Chi è Vince McMahon? Non la figura tracciata nel documentario, nonostante gli interventi dell’ex wrestler Tony Atlas e dei giornalisti Dave MeltzerPhil Muschnick a controbattere alle menzogne di Vince; forse non lo sa nemmeno più McMahon stesso. Eppure è un uomo importantissimo. Josie Riesman, autrice di una eccellente biografia “non autorizzata” su Vince, Ringmaster, parla di Vince McMahon come la cosa più vicina possibile a un “migliore amico” che ha l’ex Presidente degli Stati Uniti e attuale candidato alla presidenza, Donald Trump. Vince era una delle persone con cui Trump desiderava parlare in privato, uno dei pochi che non solo non era possibile intercettare, ma nemmeno ascoltare qualora i due parlassero al telefono.

Eppure nessuno parla di lui. A nessuno sembra importare; i media italiani, o i media in generale, questo documentario non lo hanno calcolato granché. Dopotutto il giornalista Dave Meltzer, il maggiore esperto di cronaca del wrestling, lo dice apertamente più volte nel documentario: del wrestling non frega niente ai media. È qualcosa di sporco, da giornale scandalistico, roba che noi associamo ai programmi di Barbara D’Urso. Anche i media del settore sportivo la giudicano robetta controversa e di cui alla fine a nessuno importa. Se non puoi parlarne bene non parlarne affatto. È wrestling, chi se ne importa? Al massimo basta capire se è “vero o finto”.

 

WWF e WWE tra stereotipi e dispotismo

È anche grazie a questa mentalità che Vince ha sempre vinto, facendo cose che un qualsiasi altro milionario più in vista avrebbe evitato di fare se non avesse voluto perdere immagine o potere: dal truffare in diretta i propri dipendenti al trattamento delle donne nei suoi programmi, dallo sfruttamento dei propri wrestler fino all’utilizzo di temi sensibili quali il terrorismo o il razzismo per fare soldi. Ci sono lunghi stralci nel documentario dedicati a spiegare come è ovvio che il prodotto della WWF (oggi WWE) sia invecchiato male: era un’epoca più razzista, sessista, politicamente scorretta di oggi. Loro promuovevano qualcosa che fosse in accordo con l’esprit du temps.

Nessuno ha sottolineato come loro non dovessero farlo e come no, questa non è minimamente una giustificazione per promuovere personaggi come l’arabo terrorista o l’invasore giapponese che vuole vendetta per Pearl Harbor.
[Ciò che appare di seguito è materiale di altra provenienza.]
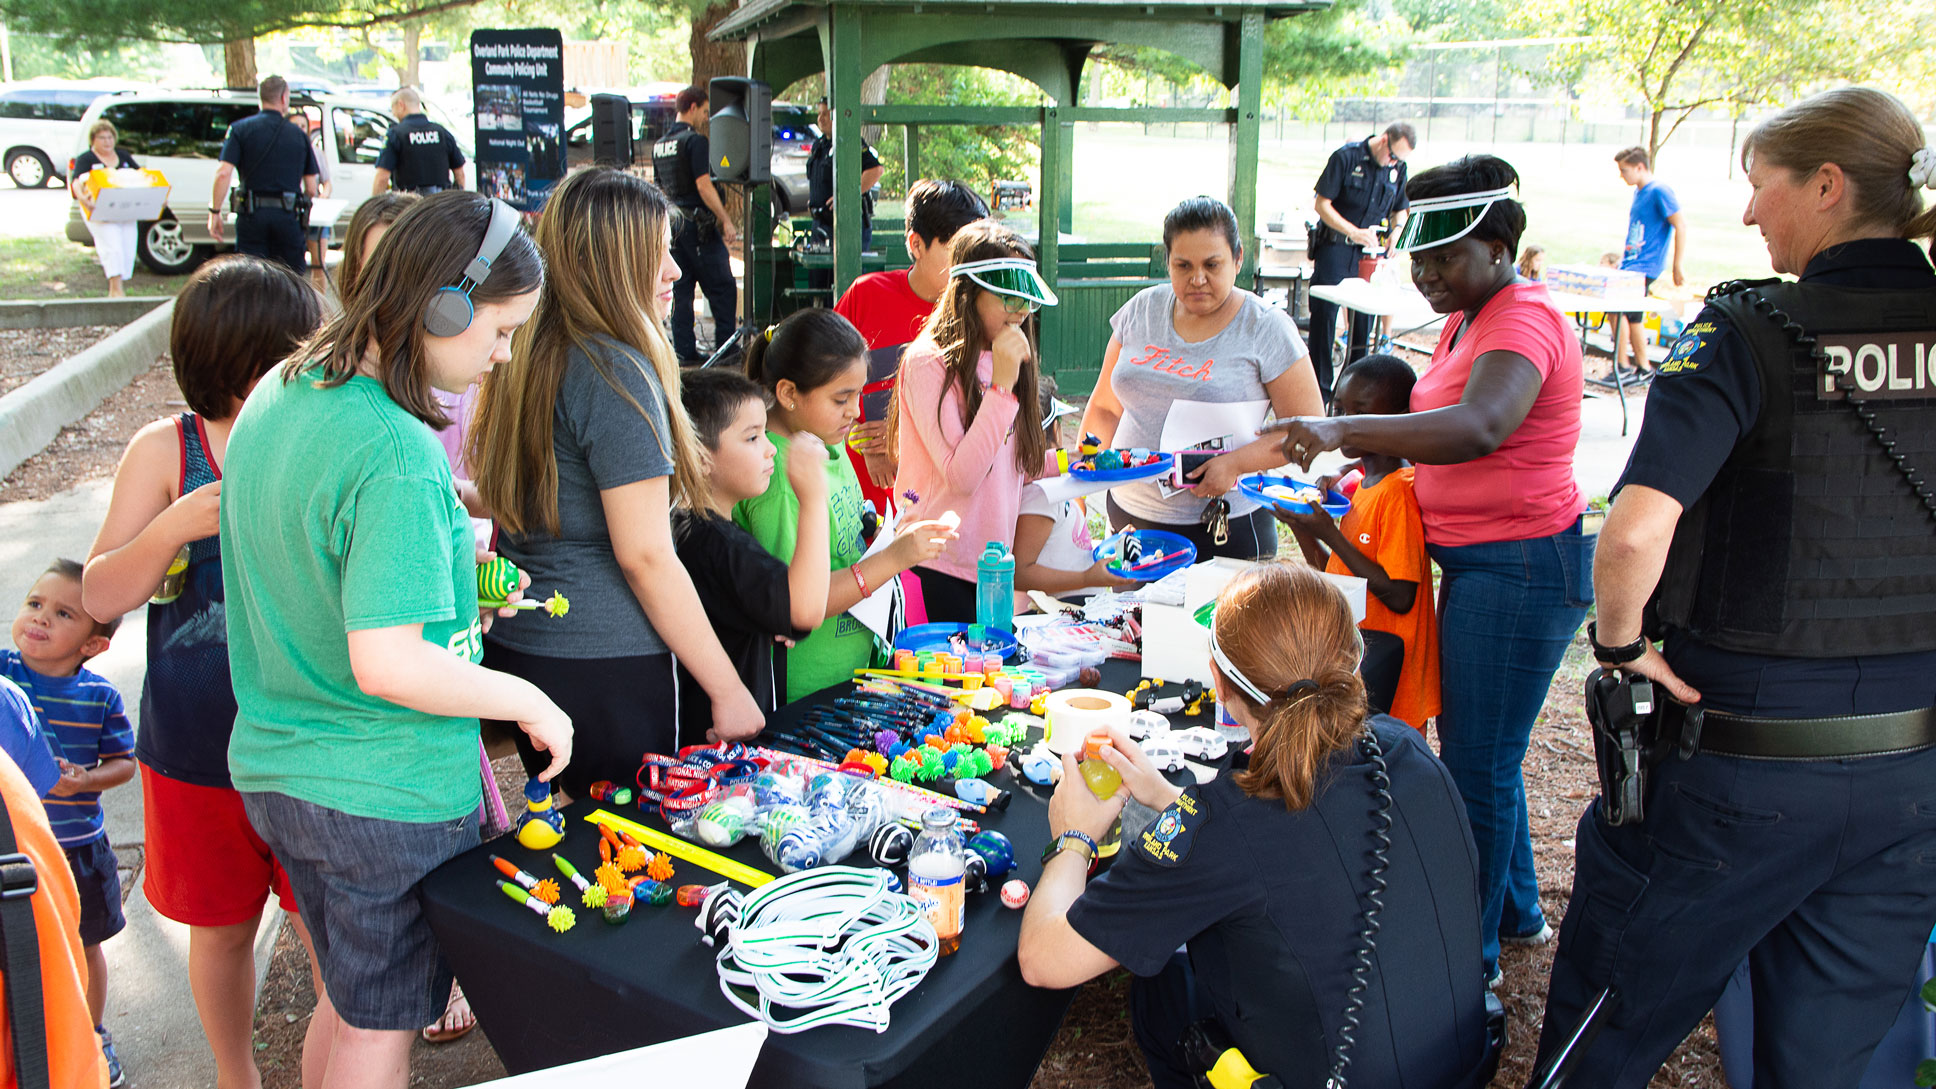 Group of children, adults, and police officers gathered around a table of toys and marketing merchandise at an event at an outdoor park

Dopotutto sono solo giustificazioni pedestri. McMahon, una volta, durante un episodio di Raw, la mise così, parlando al pubblico in arena in character: “Voi non sapete cosa vi piace! Io vi dico cosa vi piace e voi ve lo fate piacere!”. Altro che seguire le mode: Vince vuole dettare le tendenze. E se quelle tendenze includono razzismo vecchio stampo, sessismo becero e chi più ne ha più ne metta, beh: l’importante è che se ne parli, no? E se piace, ancora meglio.

Certo, è una dichiarazione fatta come il personaggio Mr. McMahon, non come la persona Vince McMahon. Ma non chiude lui stesso il documentario dicendo che a volte non sa dove inizia l’uno e finisce l’altro? E non dicono tutti i suoi colleghi, amici, nemici e collaboratori che l’uomo Vincent Kennedy McMahon è esattamente come il personaggio che interpreta? Quest’uomo ci costringe all’eterna speculazione per non farci dare un giudizio vero e proprio.

Per questo occorre parlarne, scriverne, mettere sotto scrutinio ciò che viene detto o fatto. Vince McMahon non è un uomo unico tra tutti gli altri: ce ne sono tanti, troppi come lui. Bugiardi cronici, o che abusano del proprio potere per cambiare la storia, la narrazione, i modi in cui sono andate le cose. È anche per questo che esiste il giornalismo. Per assicurarsi che la storia, e le storie, abbiano una pluralità di voci che parlino e vengano ascoltate. E non solo quella di un miliardario che si vanta di aver impedito ai propri lottatori di formare un sindacato per poterli sfruttare meglio.